パブリッククラウドサービスは、最高のデータ保護とセキュリティ要件を満たすように設計されています。例えば、世界クラスのセキュリティ専門家が AWS インフラストラクチャを監視し、セキュリティサービスを構築および保守しています。お客様のコンプライアンスへの取り組みを支援するため、AWS では何千ものグローバルコンプライアンス要件について第三者による検証を定期的に実施しています。コンプライアンスの要求を継続的に監視し、金融、小売、医療、政府などのセキュリティ基準を満たすお手伝いをします。データの暗号化、移動、保存管理など、データはいつでも所有できます。

とはいえ、パブリッククラウドのセキュリティは責任共有モデルに従っていることに注意することが重要です。パブリッククラウドプロバイダーは、クラウドのセキュリティに責任を負います。クラウドで提供されるすべてのサービスを実行するインフラストラクチャを保護します。同時に、お客様はクラウド内でのセキュリティに対する責任を担います。お客様の責任は、お客様が選択したパブリッククラウドサービスによって決まります。選択したサービスによって、データセキュリティ対策の一環としてお客様が実行する構成作業の量が決まります。クラウドコンピューティングサービスの中には、制御とカスタマイズ性が向上する一方で、顧客のセキュリティ責任も増大するものがあります。

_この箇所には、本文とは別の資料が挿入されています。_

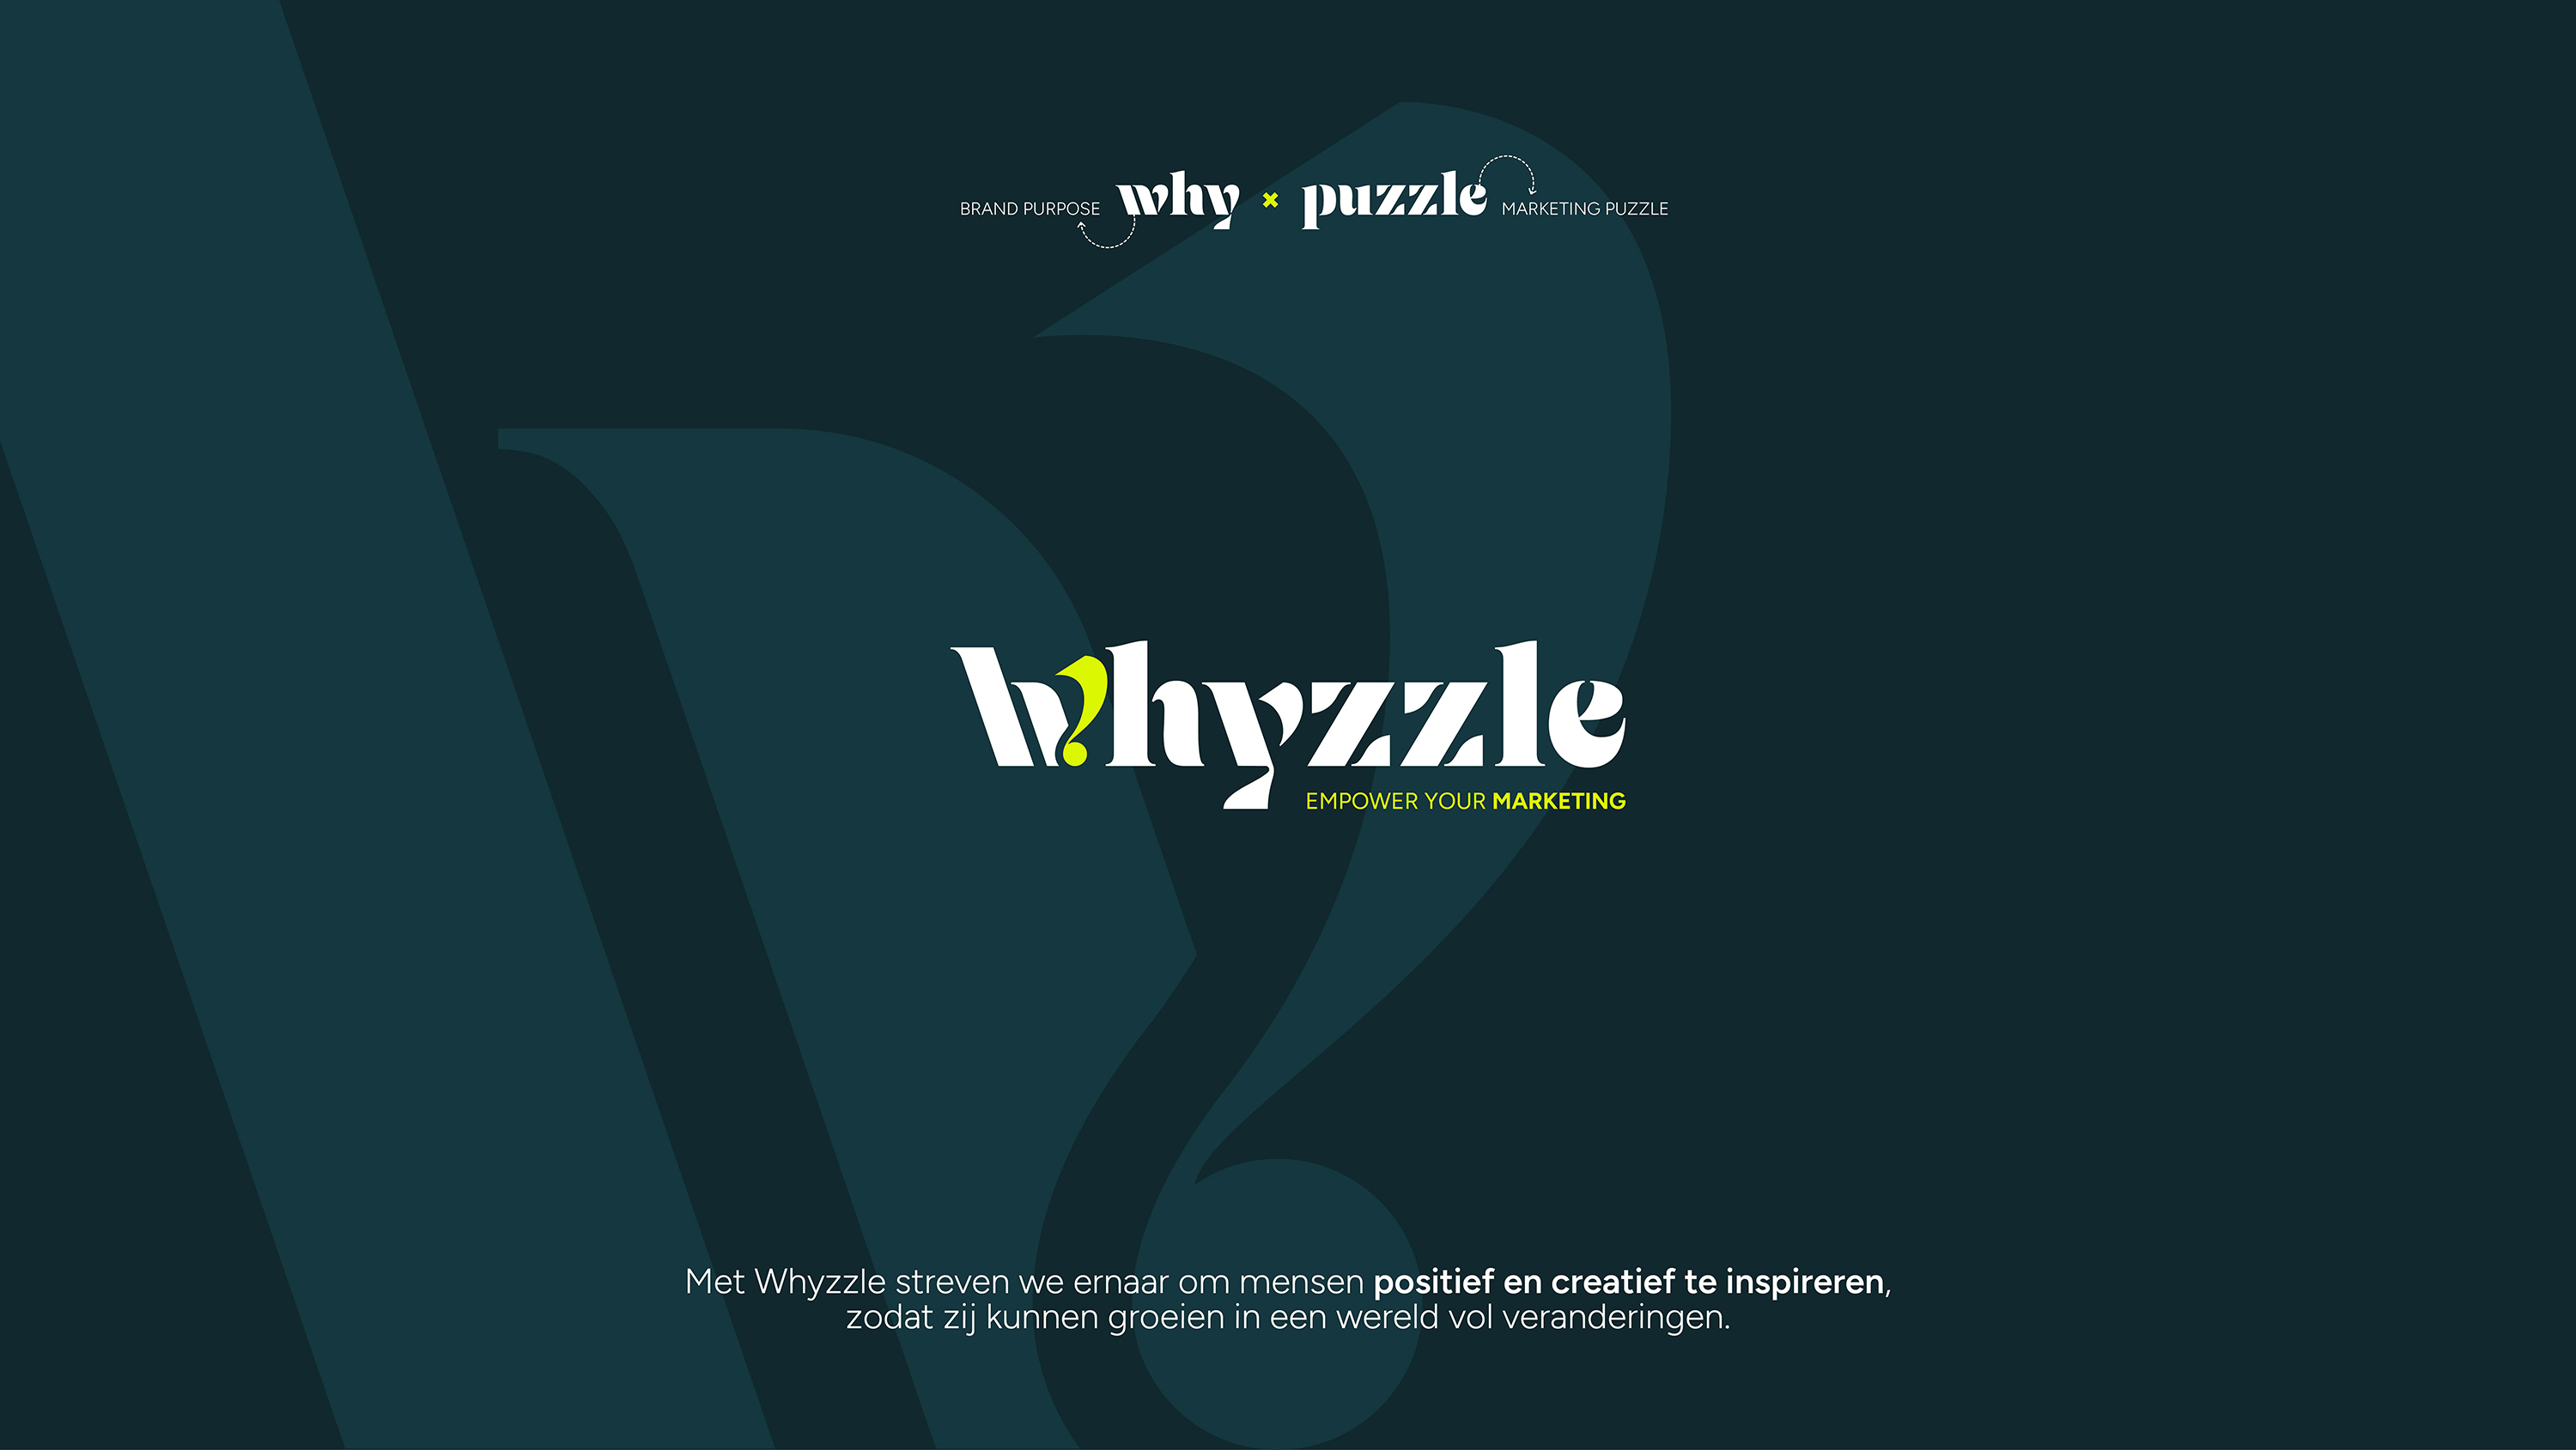 Whyzzle, why puzzle

AWS はパブリッククラウドの要件をどのようにサポートできますか?

Amazon Web Services (AWS) は、世界中のデータセンターから 200 を超えるフル機能のサービスを提供しています。急成長しているスタートアップ、大手企業、主要な政府機関など、何百万ものお客様が AWS を使用してコストを削減し、俊敏性を高め、イノベーションを加速させています。当社データセンターを人為的および自然の危険から保護するために、絶えず設計とシステムの革新を続けています。

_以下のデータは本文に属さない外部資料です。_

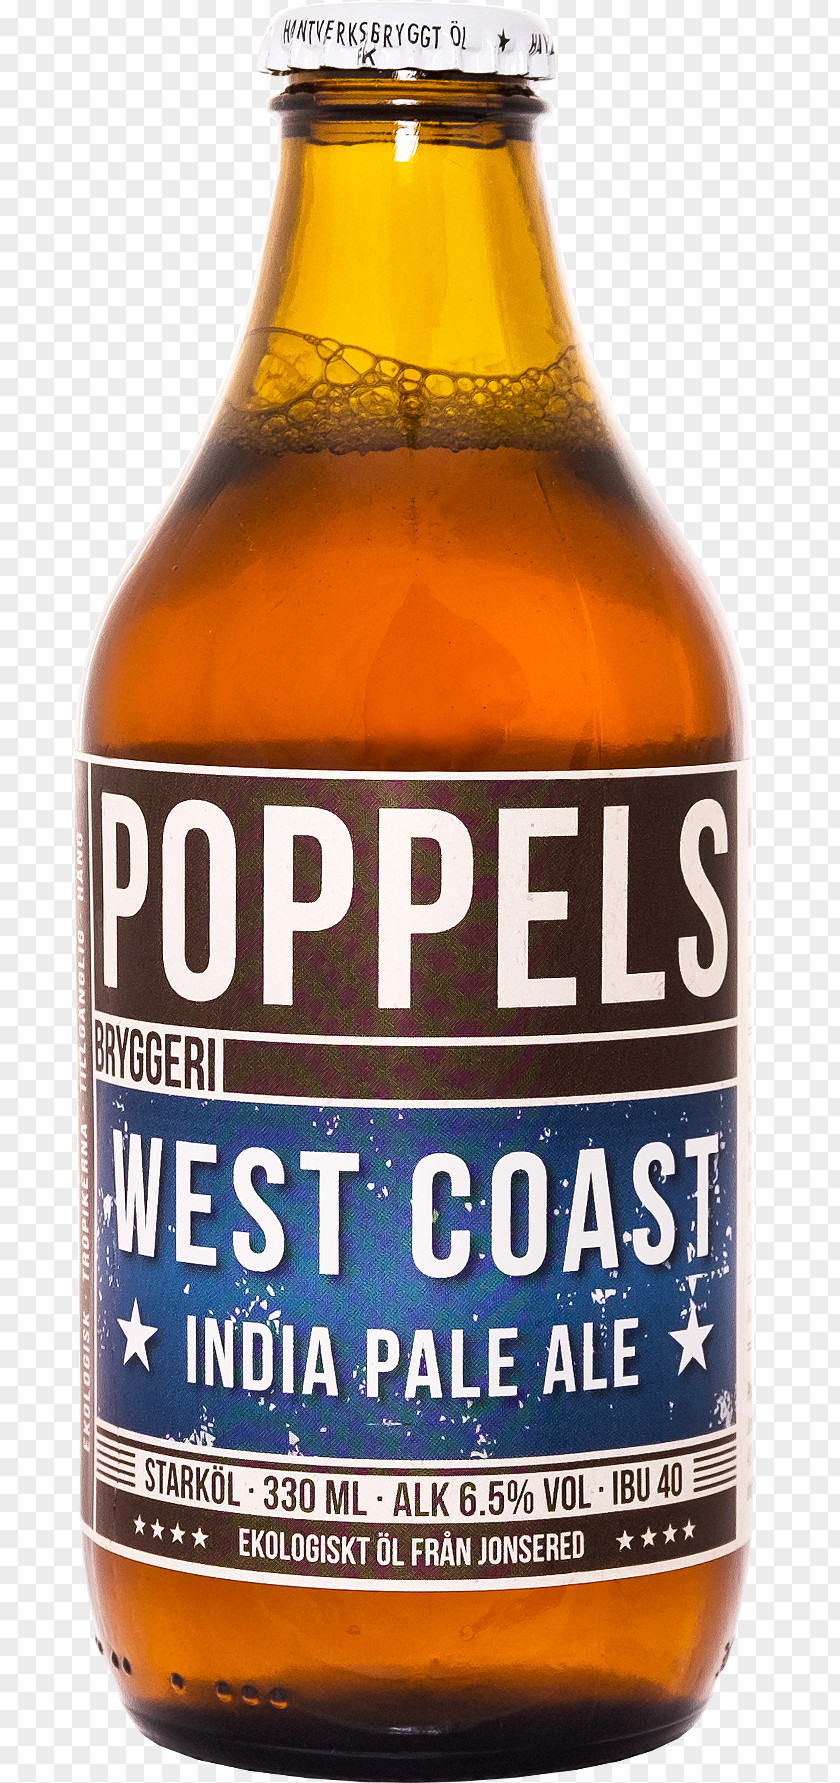 West Coast Beer Bottle India Pale Ale Russian Imperial Stout Poppels Brewery PNG

例えば、AWS をパブリッククラウドプロバイダーとして使用すると、次のようなメリットが得られます。

  • 他のどのクラウドプロバイダーよりも豊富なサービスと、それらのサービスによる多くの機能。
  • コンピューティング、ストレージ、データベース、分析、人工知能、機械学習 (AI/ML)、モノのインターネット (IoT) などのカテゴリに対するフルマネージドサービス。想像できるあらゆるものについて、アプリケーションを構築できます。
  • 軍事、グローバル銀行、その他の機密性の高い組織のセキュリティ要件を満たすように構築された、柔軟で安全なクラウドコンピューティング環境。